Write out exactly the lines from the one containing "Rasdex Sun Glove Neoprene, Paddling Gloves" to the end of the material, both ends included, and nothing else. Leave pictures out.
[Dataset excerpt]
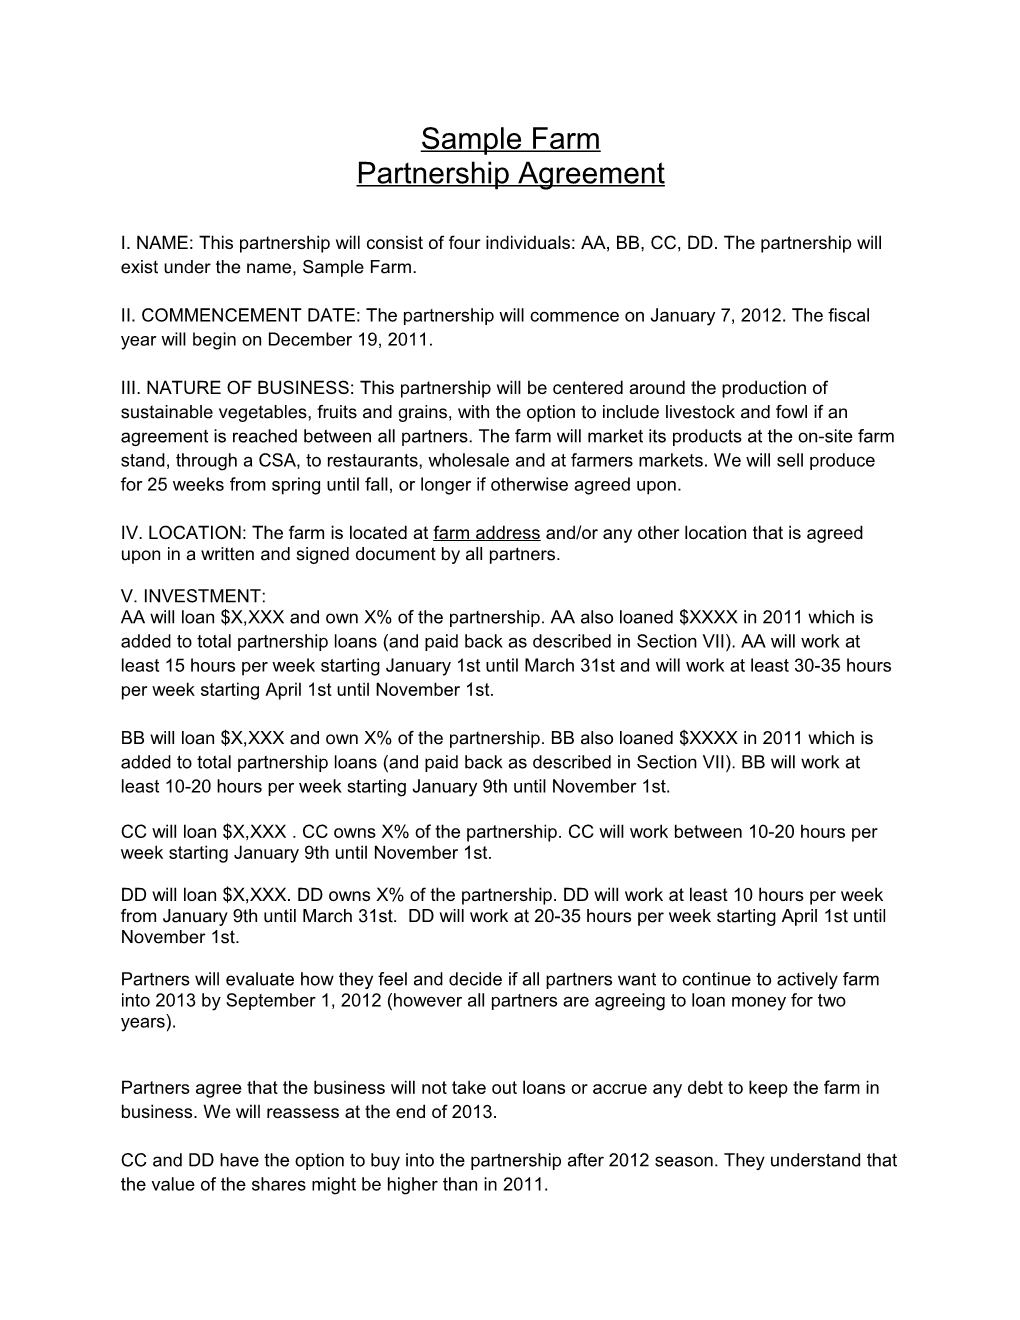 Partnership Agreement s1
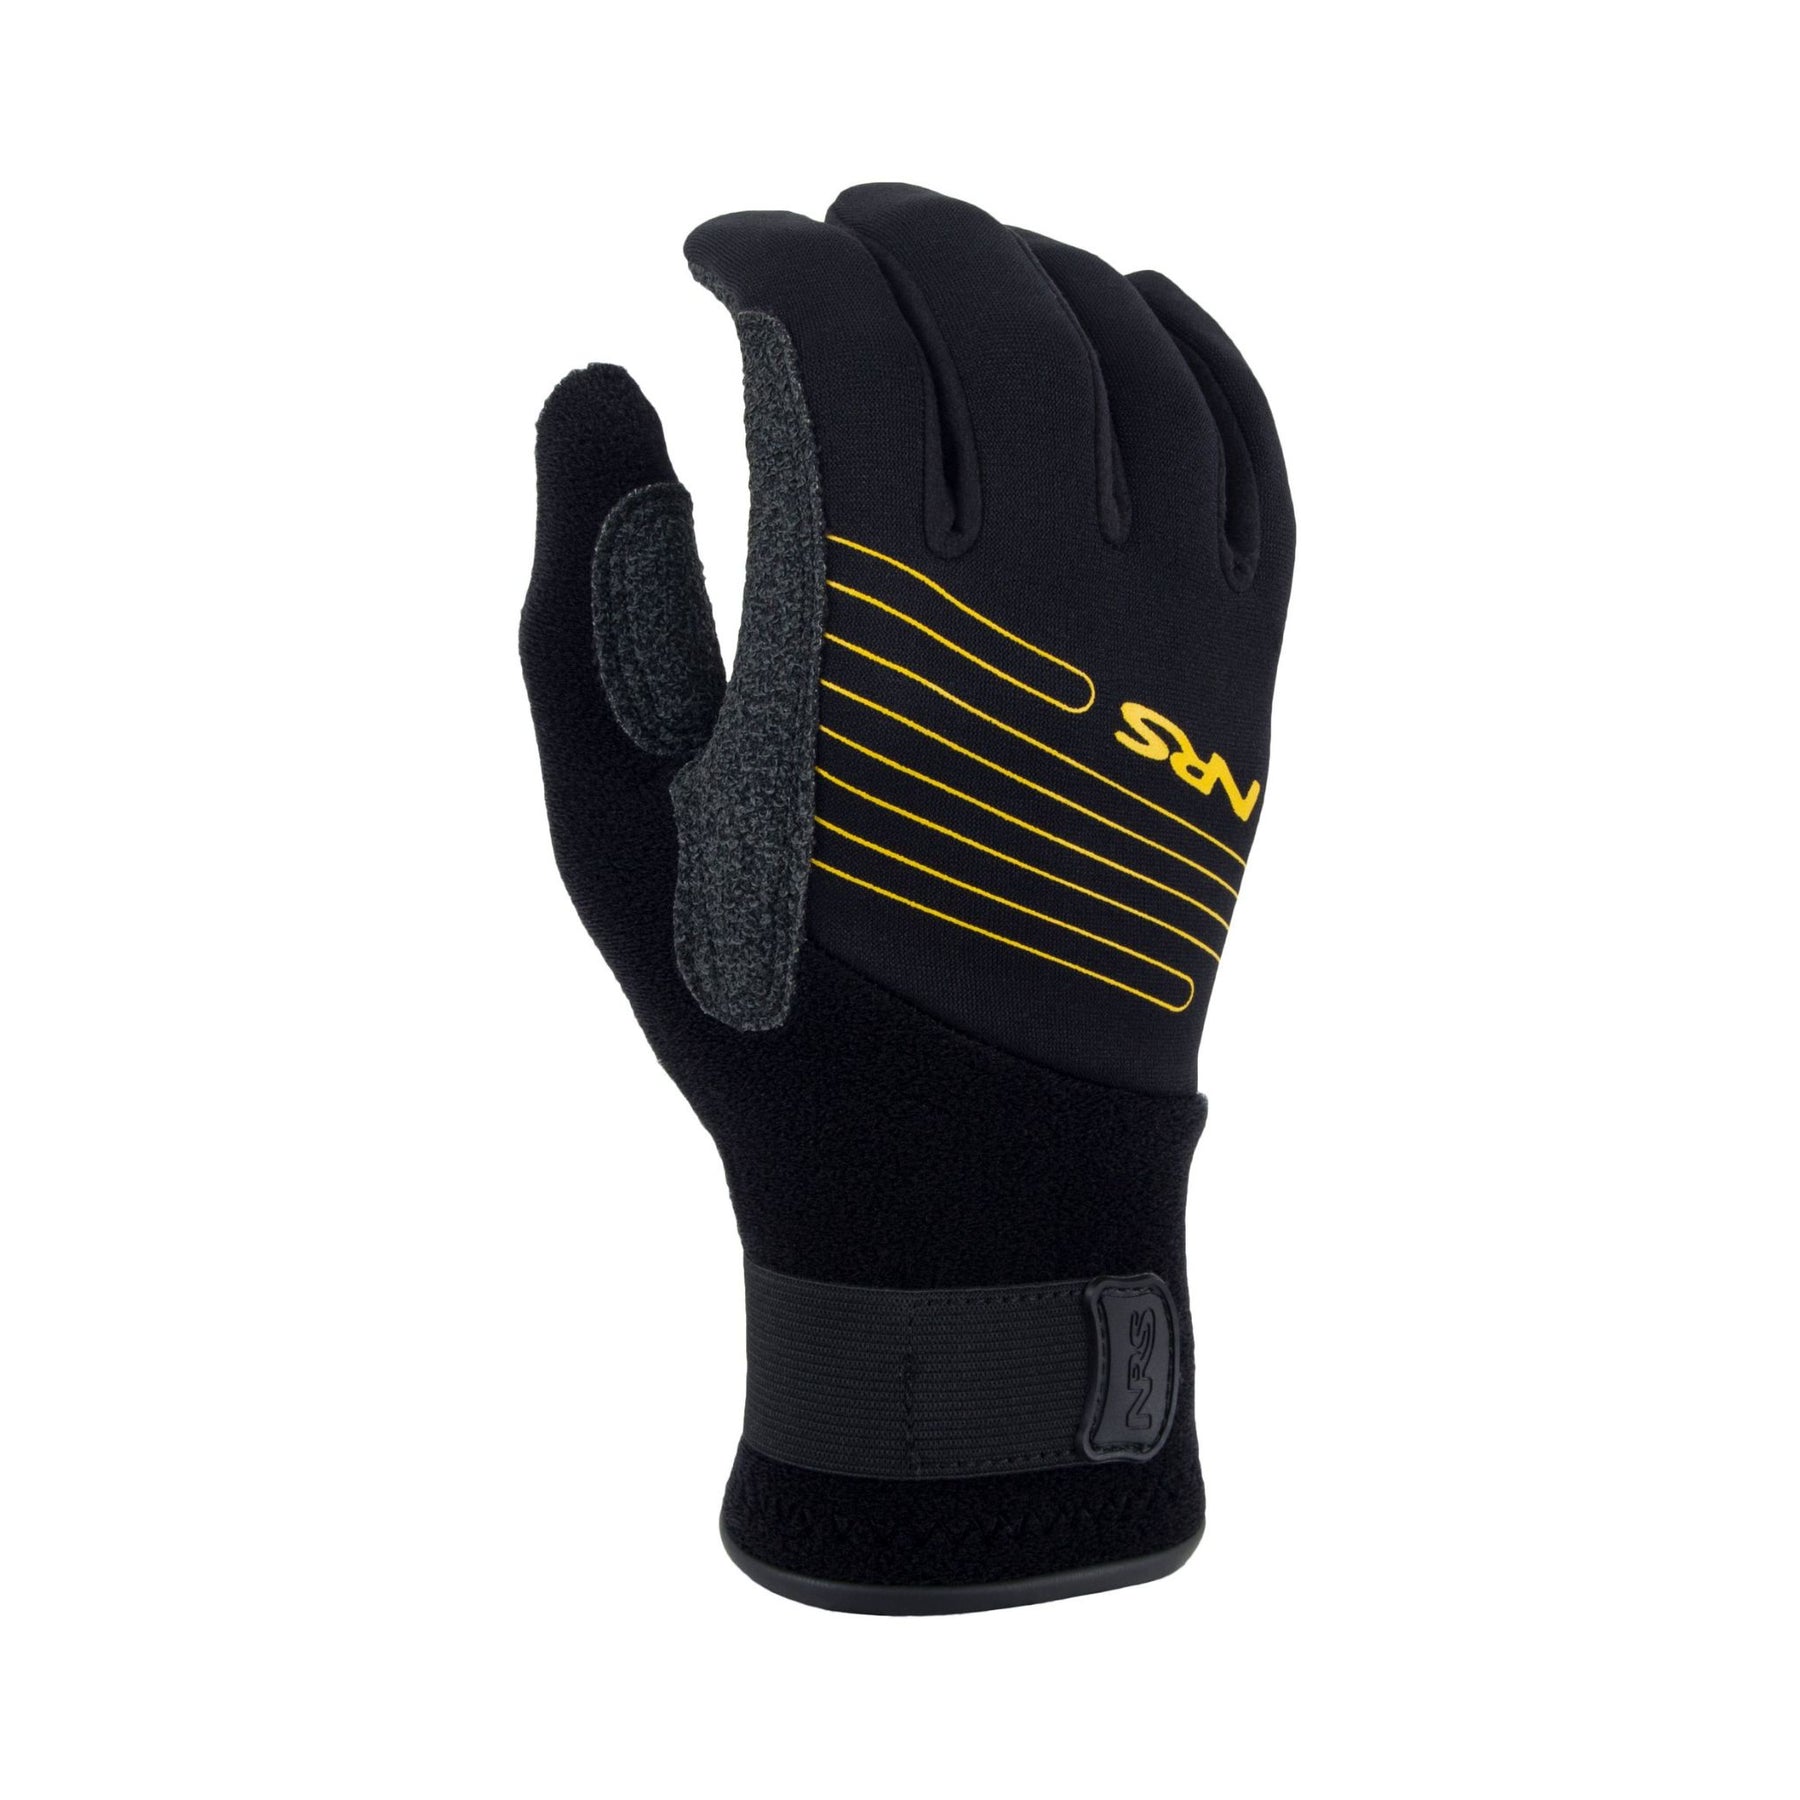 Rasdex Sun Glove Neoprene, Paddling Gloves
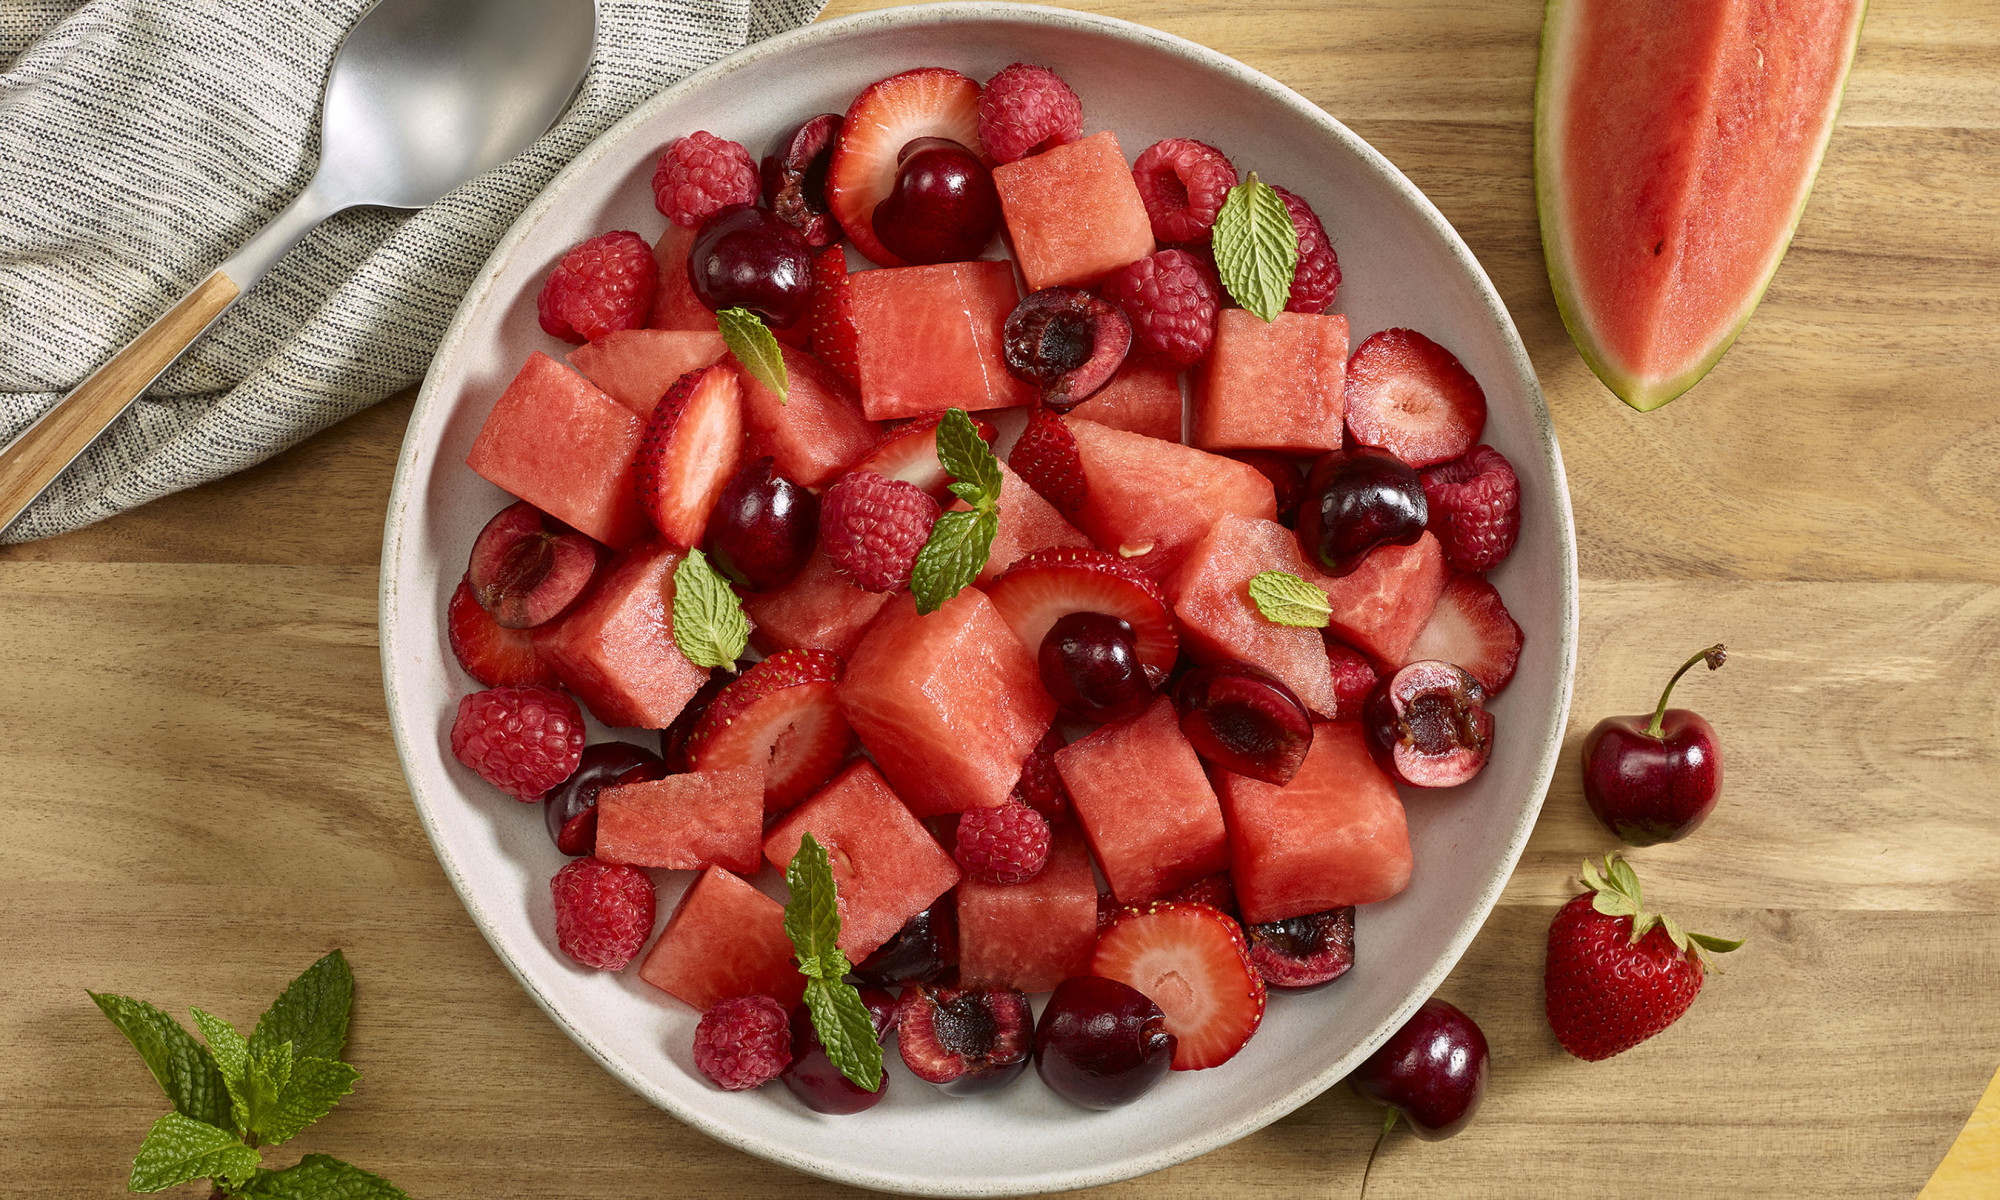 Red salad with watermelon raspberries, cherries and strawberries
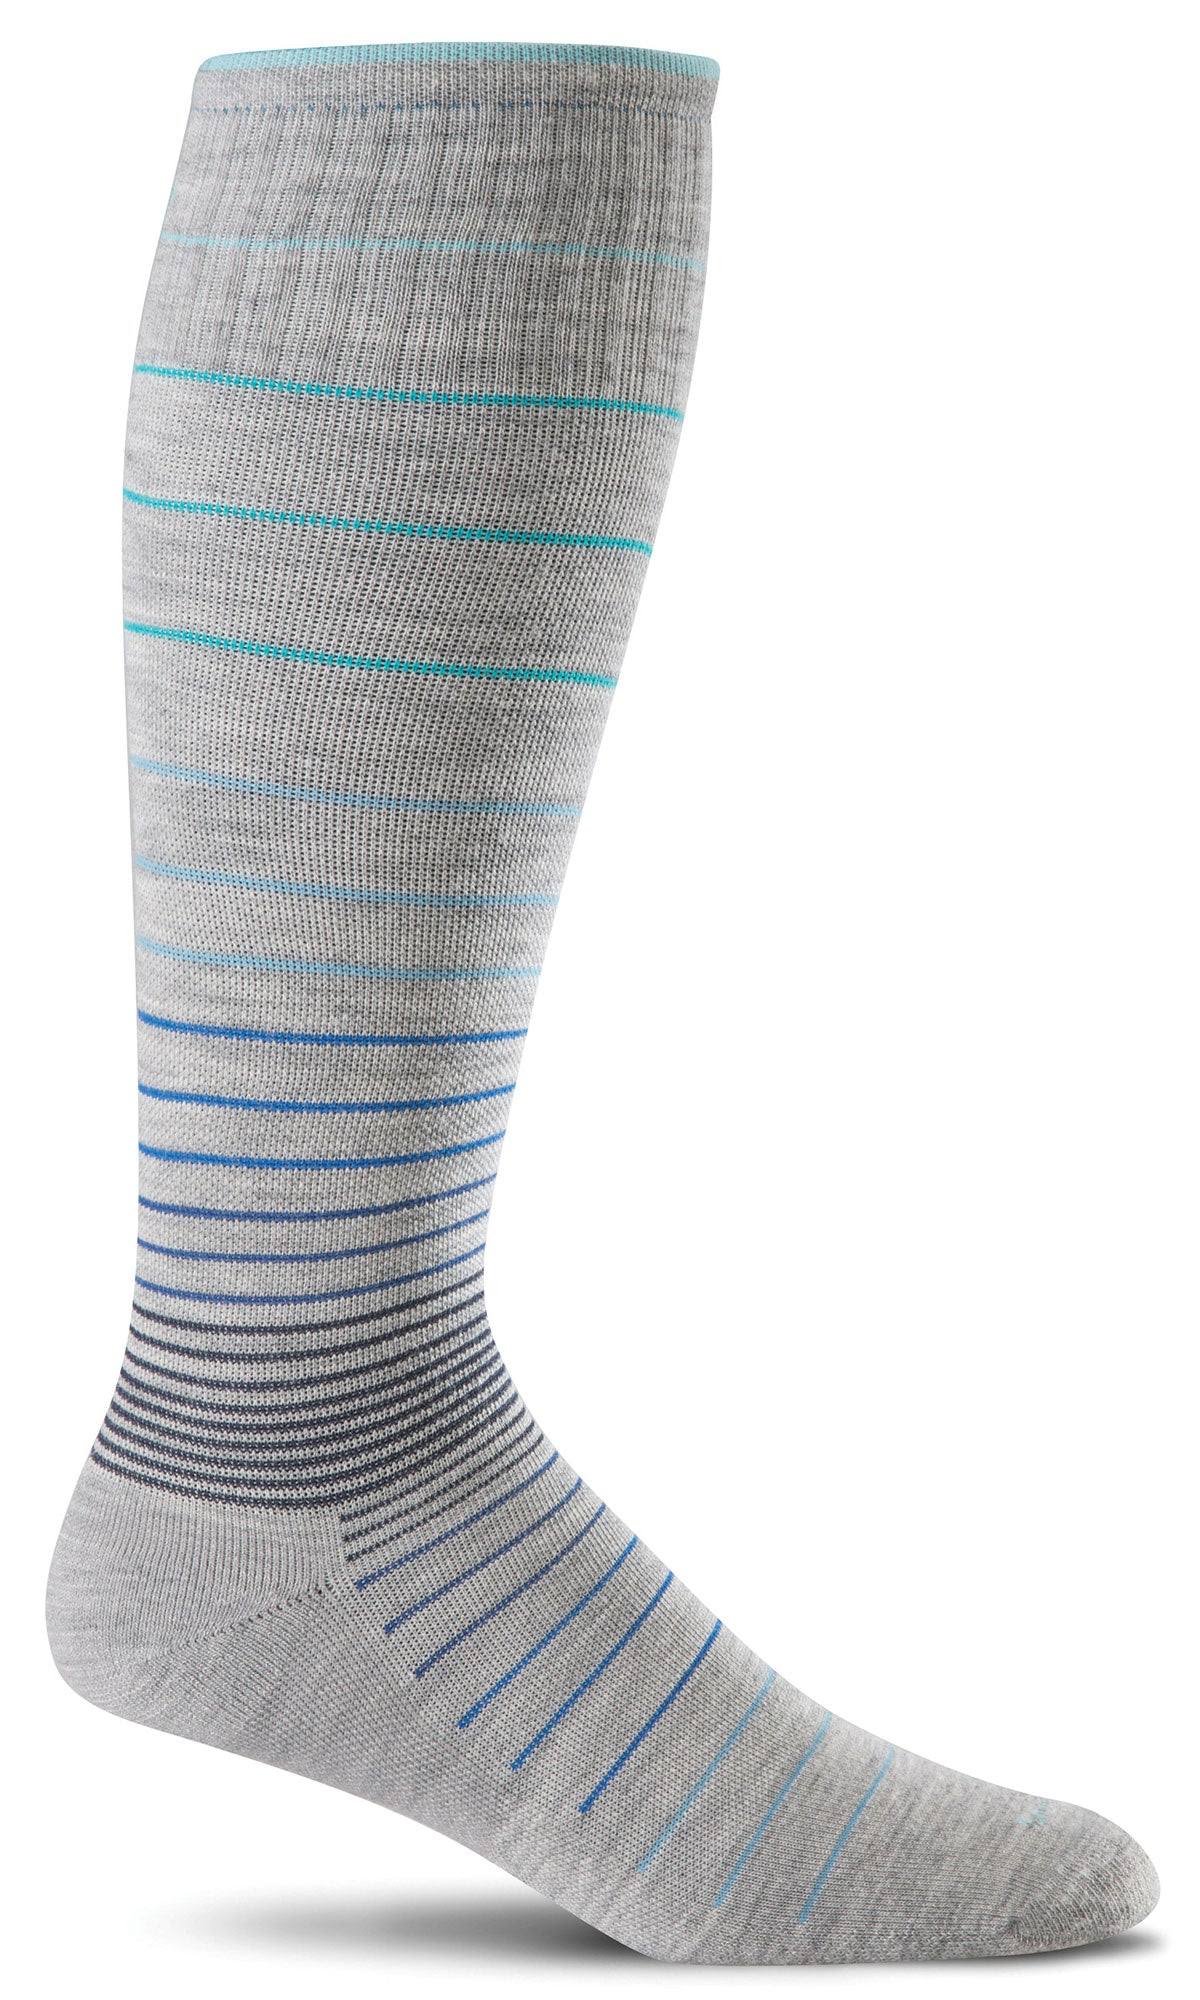 Sockwell Womens Circulator Compression Socks - Small-Medium, Black Stripes
[/Dataset excerpt]
### Solution
 Rasdex Sun Glove Neoprene, Paddling Gloves
 Red salad with watermelon raspberries, cherries and strawberries
 Sockwell Womens Circulator Compression Socks - Small-Medium, Black Stripes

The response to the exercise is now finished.